A maioria, ao perceber que havia sido enganada, ofendeu-se com o insulto à sua inteligência. Tiveram que segurar a língua para evitar as atenções do Partido. Depois, ao voltarem para casa, costumavam ficar em silêncio para não prejudicar a causa republicana como um todo. Os que falaram, como George Orwell, viram fechadas as portas dos editores de esquerda.

É verdade que os republicanos chegaram a comprar armas dos nazistas?

Sim. Mesmo durante a Guerra Civil a República comprou armas da Alemanha nazista, aliada mais importante do general Franco. Hoje, pesquisas recentes mostraram ser verdade o que havia muito se suspeitava: o general Hermann Goering, ministro-presidente da Prússia e comandante-em-chefe da Luftwaffe, vendia armas à República enquanto os seus próprios homens lutavam por Franco.

Há algum paralelismo entre o regime de Franco e o comunismo?

Claro que há. Fascismo e comunismo são irmãos gêmeos e qualquer pessoa com um mínimo de estudo nessa área pode afirmar isso. Mas não deixa de ser um paradoxo: Franco queria acabar com a ameaça vermelha em seu país e seu período de governo foi recheado de atitudes que fariam Stálin aplaudi-lo de pé. Nada demais para quem admirava Hitler, diga-se de passagem. Os anticomunistas estatizaram a rede ferroviária que teve resultados pífios devido à péssima administração. Os programas de estatização de Franco, segundo alguns comentaristas foram bem parecidos com os dos Estados-satélite sovíeticos depois de 1945.

Outro paralelo foi o medo obsessivo de contágio ideológico estrangeiro. Enquanto a maioria dos principais assessores soviéticos que voltaram da Espanha foram forçados pelo NKVD a confessar contatos traiçoeiros no exterior e depois fuzilados, na Espanha nacionalista a retórica exigiu uma cirurgia drástica para salvar o organismo político. O adido de imprensa de Franco, conde de Alba y Yeltes, disse a um inglês durante a guerra que tinham que livrar a Espanha do vírus do bolchevismo, se necessário pela eliminação de um terço da população masculina espanhola. Agora que os nacionalistas tinham quase todos os republicanos prisioneiros em seu poder, podiam dedicar-se à sua limpeza cuidadosa da Espanha.

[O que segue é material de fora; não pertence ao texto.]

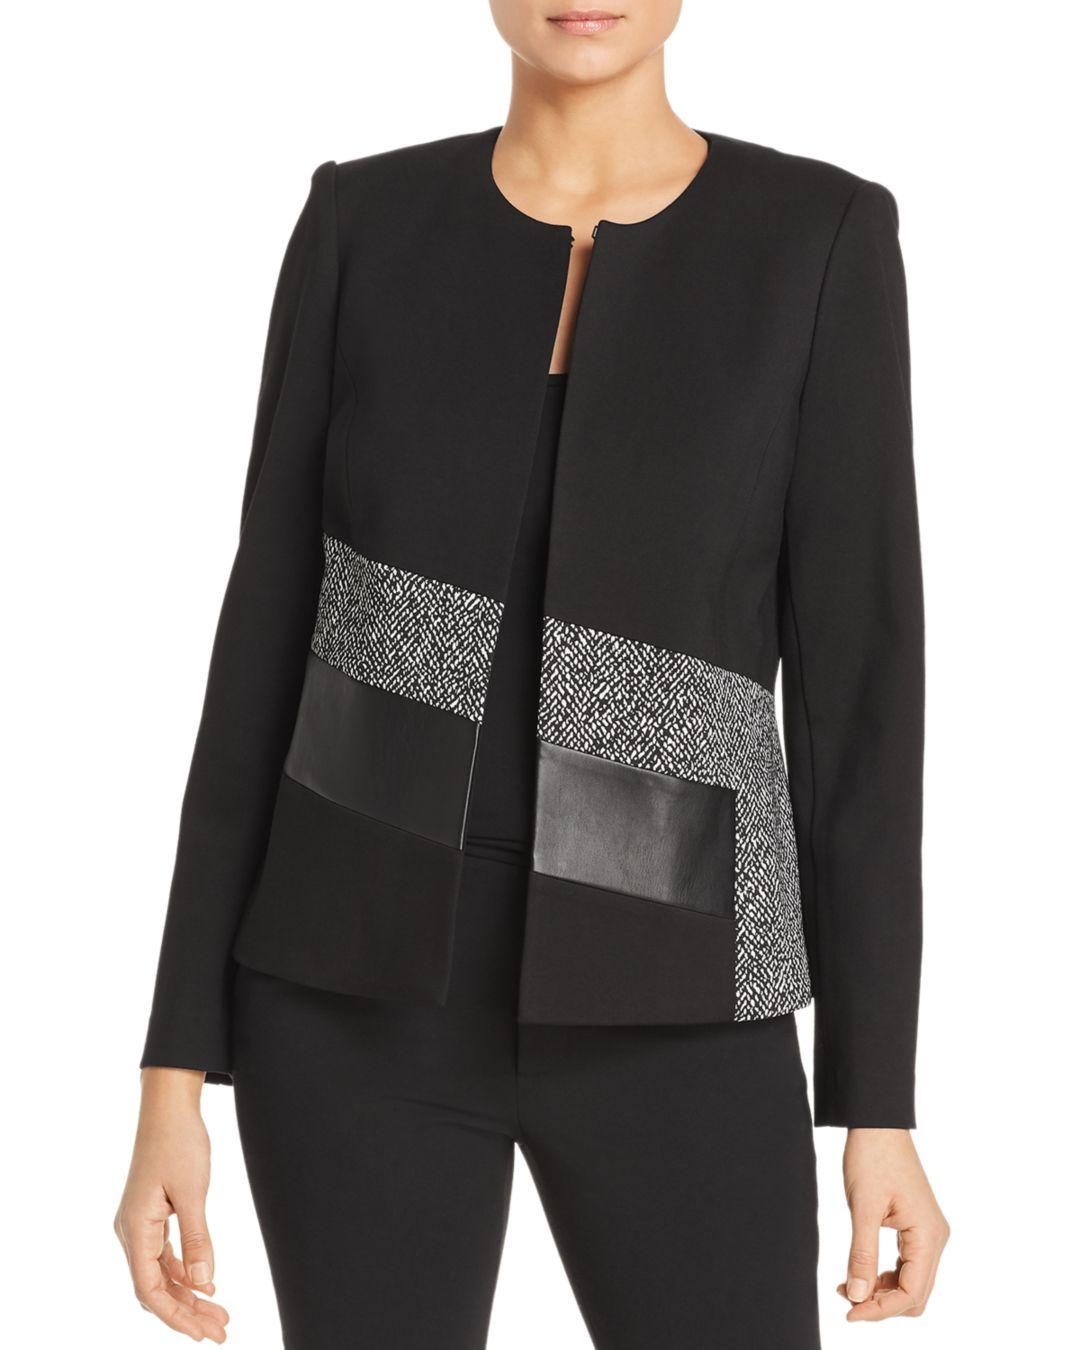 4e5ec94770b96 Lyst - Calvin Klein Mixed Media Jacket in Black
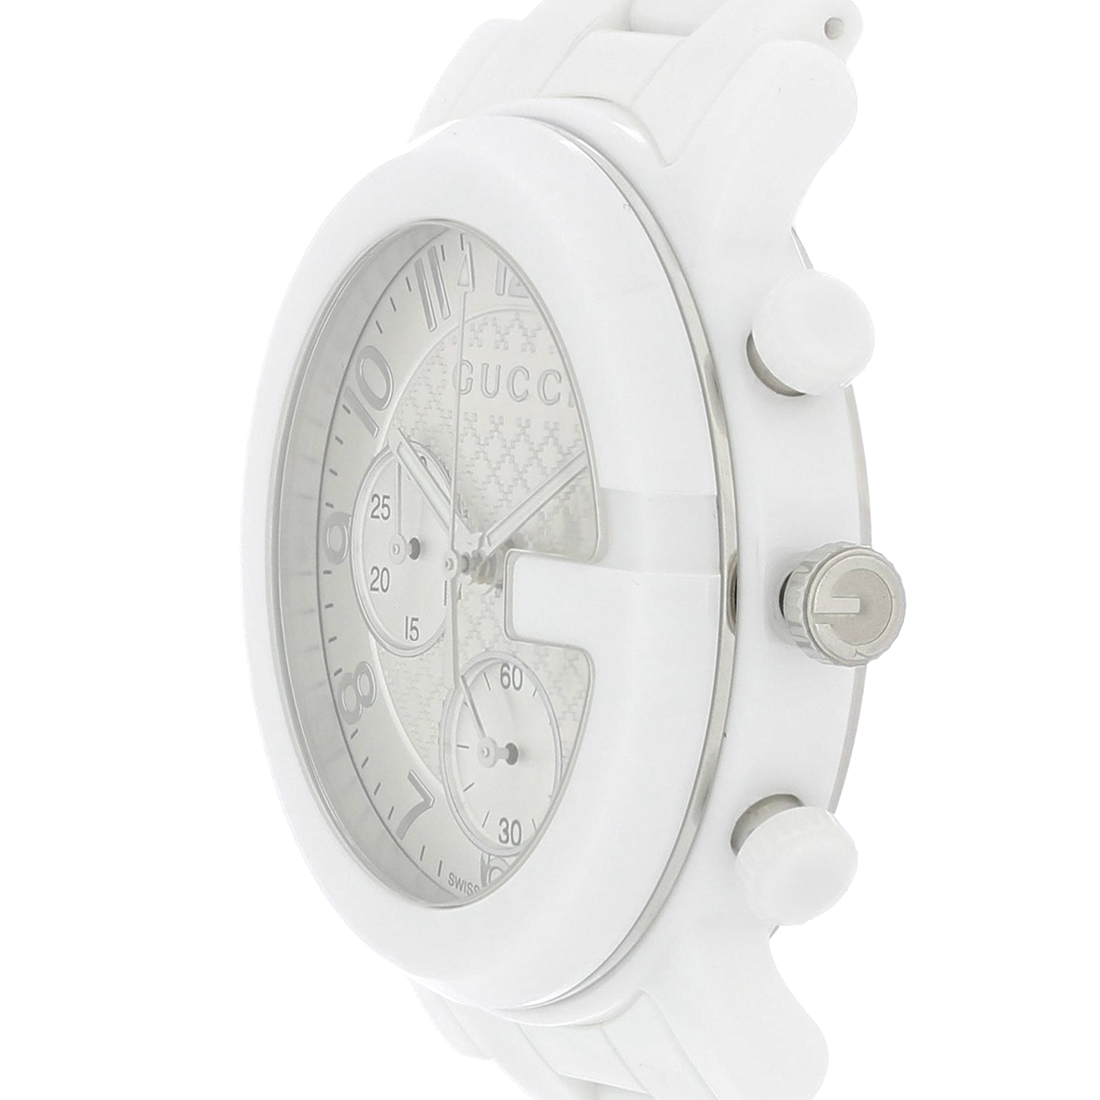 affbff7cf31 Gucci 101 G Ladies White Ceramic Swiss Quartz Chronograph Watch YA101353

Se a República tivesse ganhado, quantos teriam sido executados e morreriam nos campos de prisioneiros?

É uma pergunta impossível de se responder. Como destacaram vários historiadores, o vencedor numa guerra civil sempre mata mais que o perdedor. Tudo depende do regime republicano que viria a surgir. Se fosse um regime comunista, então, a julgar por outras ditaduras comunistas, o número seria bem alto, devido à natureza paranóica do sistema. Mas na Espanha muito também dependeria de ser uma versão stalinista ou uma variedade mais espanhola, que talvez evoluísse.

Pode-se dizer então que a Guerra Civil Espanhola foi um campo de testes para armamentos e táticas que seriam usadas na Segunda Guerra Mundial?

Isso o governo nazista reconheceu desde o princípio. O Exército Vermelho também viu a oportunidade, mas, devido à ortodoxia militar stalinista depois da execução do marechal Tukhatchevski, não pôde aproveitá-la muito. A Legião Condor da Luftwaffe, pelo contrário, foi meticulosa em seus relatórios sobre os efeitos dos novos sistemas de armas.

O que gerou a política de não-intervenção de inspiração britânica?

Para os republicanos, uma grande paixão e ofensa moral. Parecia impensável que um governo legitimamente eleito de um país não pudesse comprar armas para se defender. Também há poucas dúvidas sobre a hipocrisia de manter uma política que manifestamente não funcionava, enquanto o comitê em Londres, que incluía as três principais potências intervencionistas – Alemanha, Itália e União Soviética -, fingia o contrário. É compreensível que a raiva maior tenha sido reservada ao governo britânico, que, mesmo não tendo proposto oficialmente o plano de não intervenção, era com toda certeza a principal força por trás dele. Dois primeiros-ministros, Chamberlain e Baldwin, e dois secretários do Exterior, Eden e Halifax, costumam ser acusados de participar de uma trama conservadora para dar apoio a Franco. Embora extremamente plausível, considerando suas amizades e preferências pessoais, ao que tudo indica essa é uma distorção da verdade.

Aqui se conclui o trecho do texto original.